If it's missing (or too old), `dmtri fix` stops before touching anything and prints the exact install/upgrade command to run.

---

## Customization

### Local Playbooks
`dmtri init` copies all playbooks to your config directory. You can edit them to change automation logic:

```bash
# Location: ~/.config/dmtri/playbooks/
nano ~/.config/dmtri/playbooks/refresh/availability_refresh.yml
```

`dmtri` prioritizes these local playbooks over the bundled defaults.

### Inventory Overrides
Override the inventory at runtime:

```bash
dmtri doctor --inventory ./my_custom_hosts.ini
```

---

## Operation Details

`dmtri` supports two main operations for both metadata and data: `refresh` and `clean`. These affect the following components:

#### 🔄 Refresh

- **Metadata**
  - `seedpsd`: Scans for new metadata.
  - `availability`: Refreshes the view in MongoDB.

- **Data**
  - Identifies data files in the archive for the specified epoch (by NSLC and time range).
    - `seedpsd`: Recalculates seedPSD for new files.
    - `wfcatalog`: Runs the collector on new data files.

#### 🧹 Clean

- **Metadata**
  - `seedpsd`: Removes the metadata entries.
  - `availability`: Refreshes the view in MongoDB.

- **Data**
  - Identifies data files in the archive for the specified epoch.
    - `seedpsd`: Removes associated seedPSD data (via CLI).
    - `wfcatalog`: Removes files using the `--delete` option in the collector.

---

## License

Copyright © 2026 EIDA (European Integrated Data Archive).

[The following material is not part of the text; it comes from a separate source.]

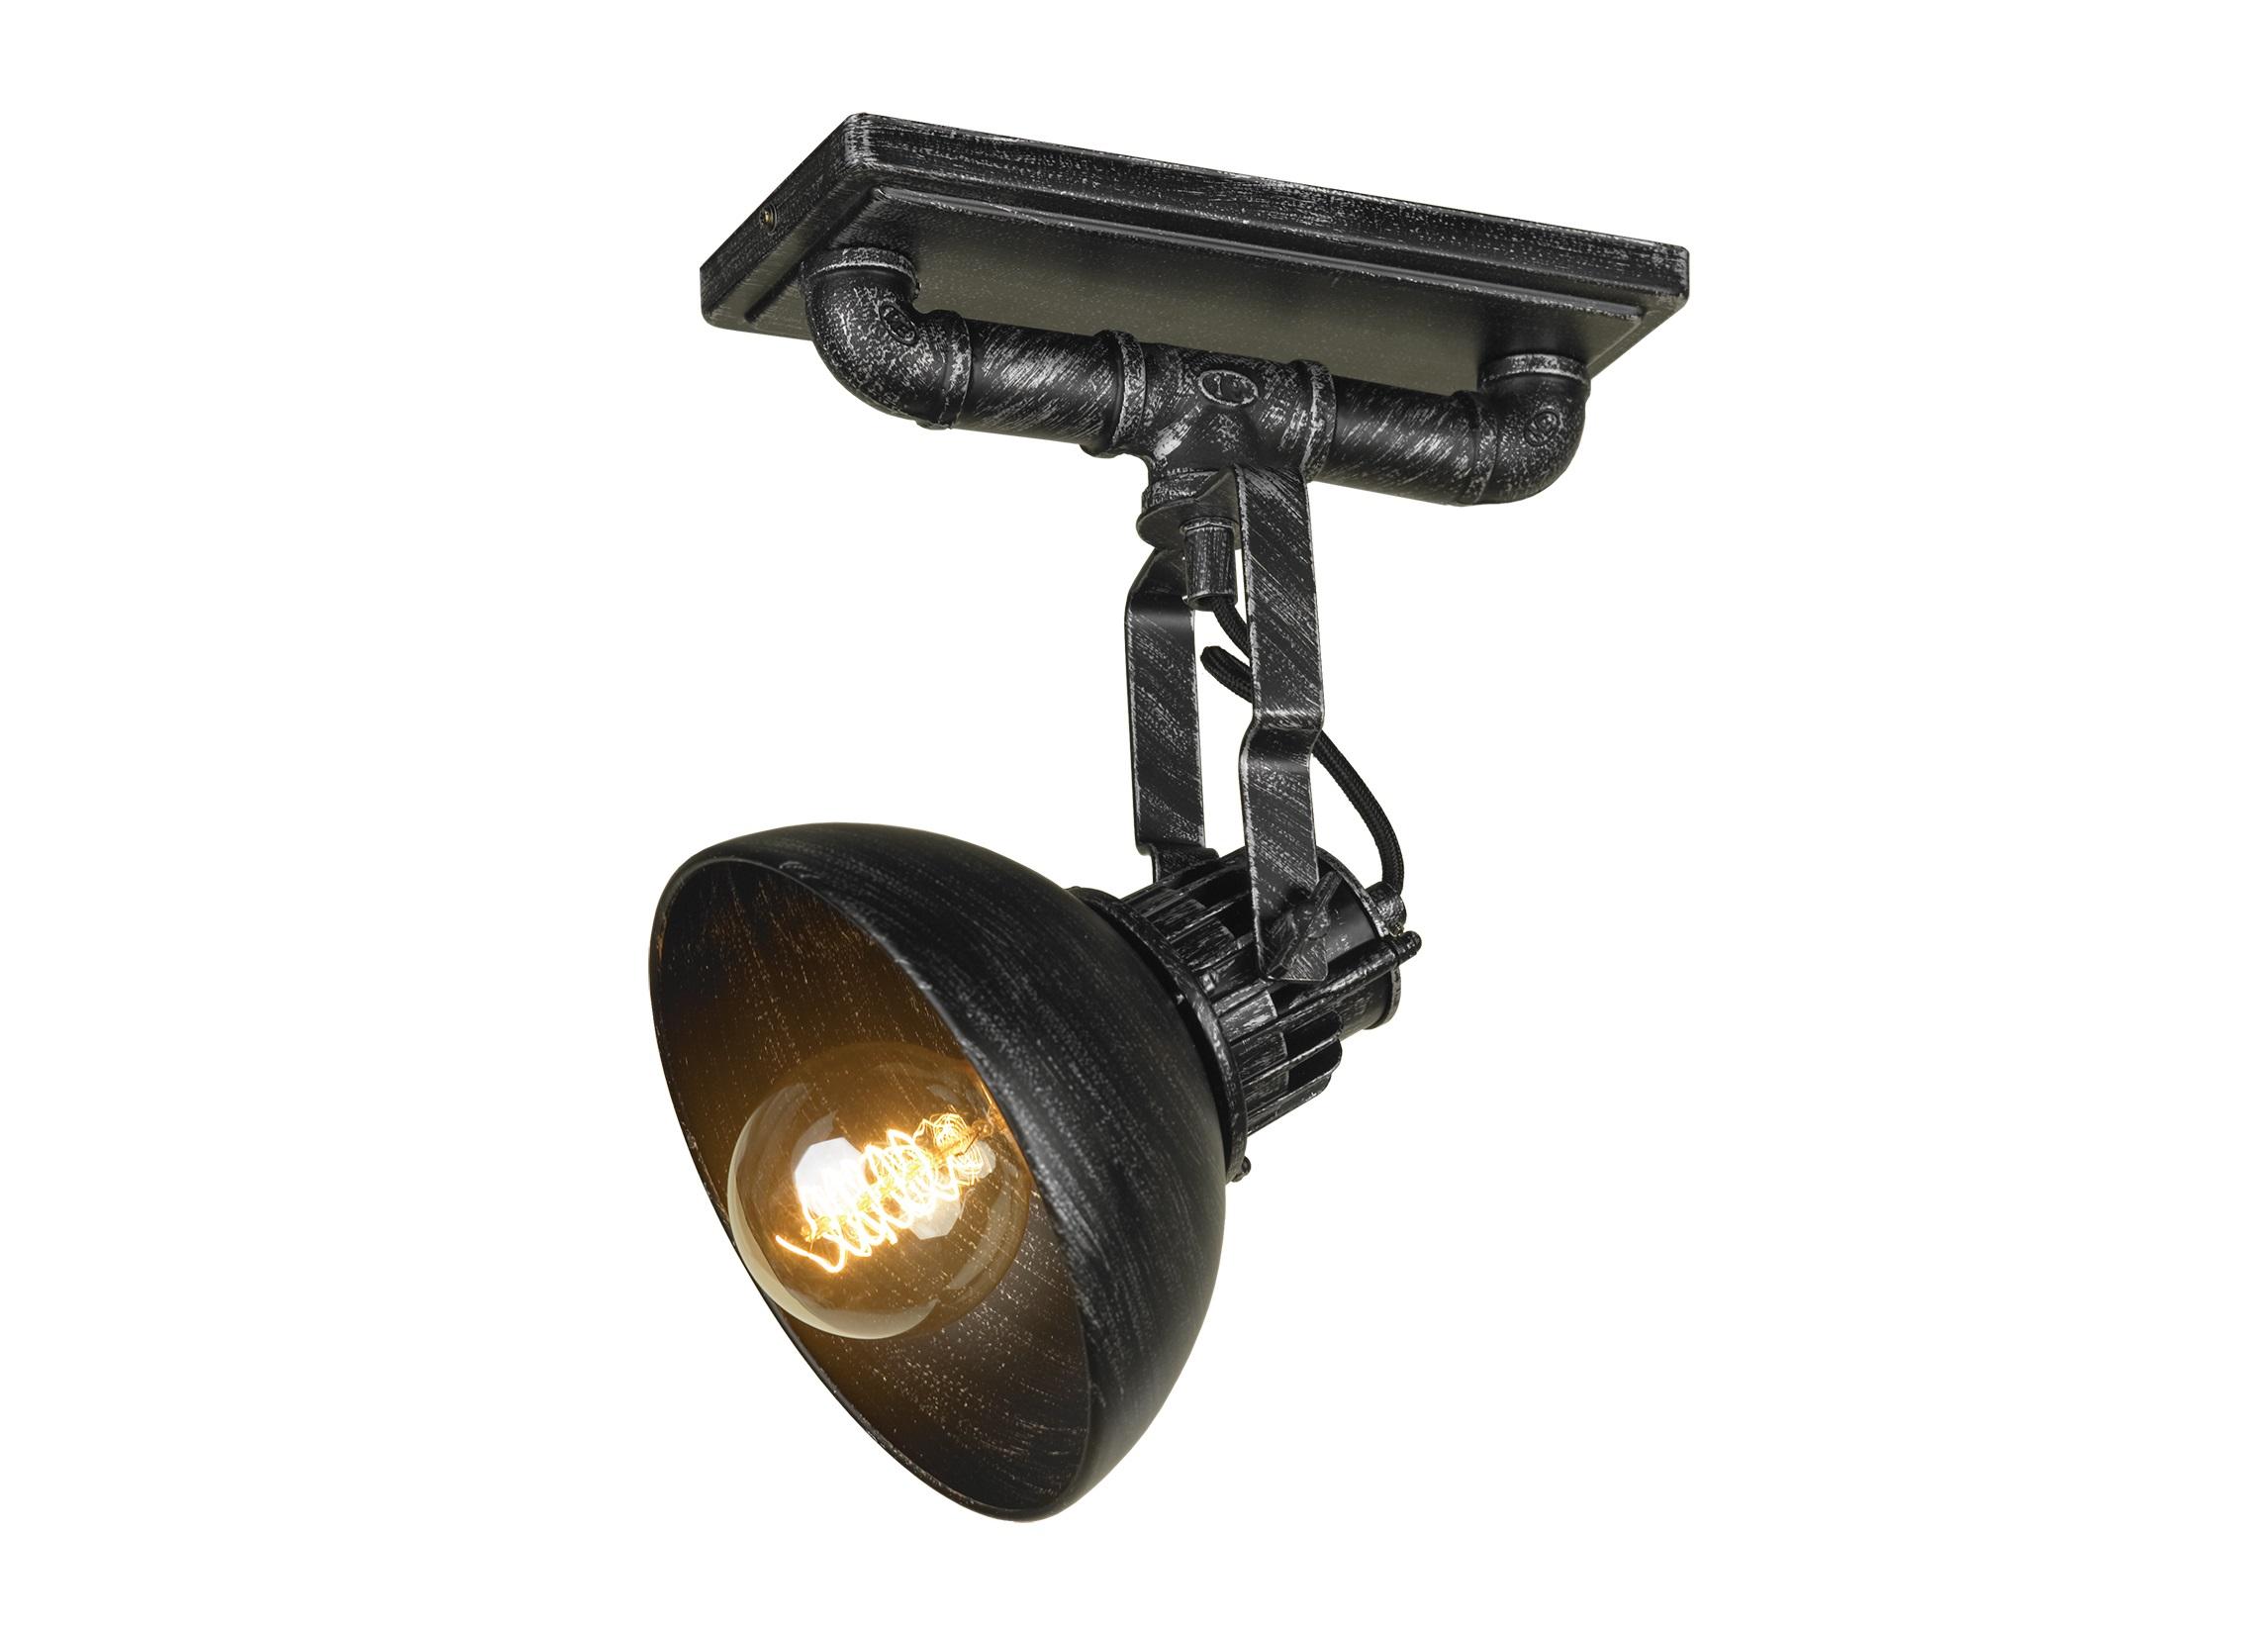 БраБра<br>Вид цоколя: E27Мощность: 60WКоличество ламп: 1Наличие ламп: отсутствуют.<br><br>kit: None<br>gender: None

`dmtri` is free software: you can redistribute it and/or modify it under the terms of the
[GNU General Public License](LICENSE) as published by the Free Software Foundation, either
version 3 of the License, or (at your option) any later version.

This program is distributed in the hope that it will be useful, but WITHOUT ANY WARRANTY;
without even the implied warranty of MERCHANTABILITY or FITNESS FOR A PARTICULAR PURPOSE.
See the [GNU General Public License](LICENSE) for more details.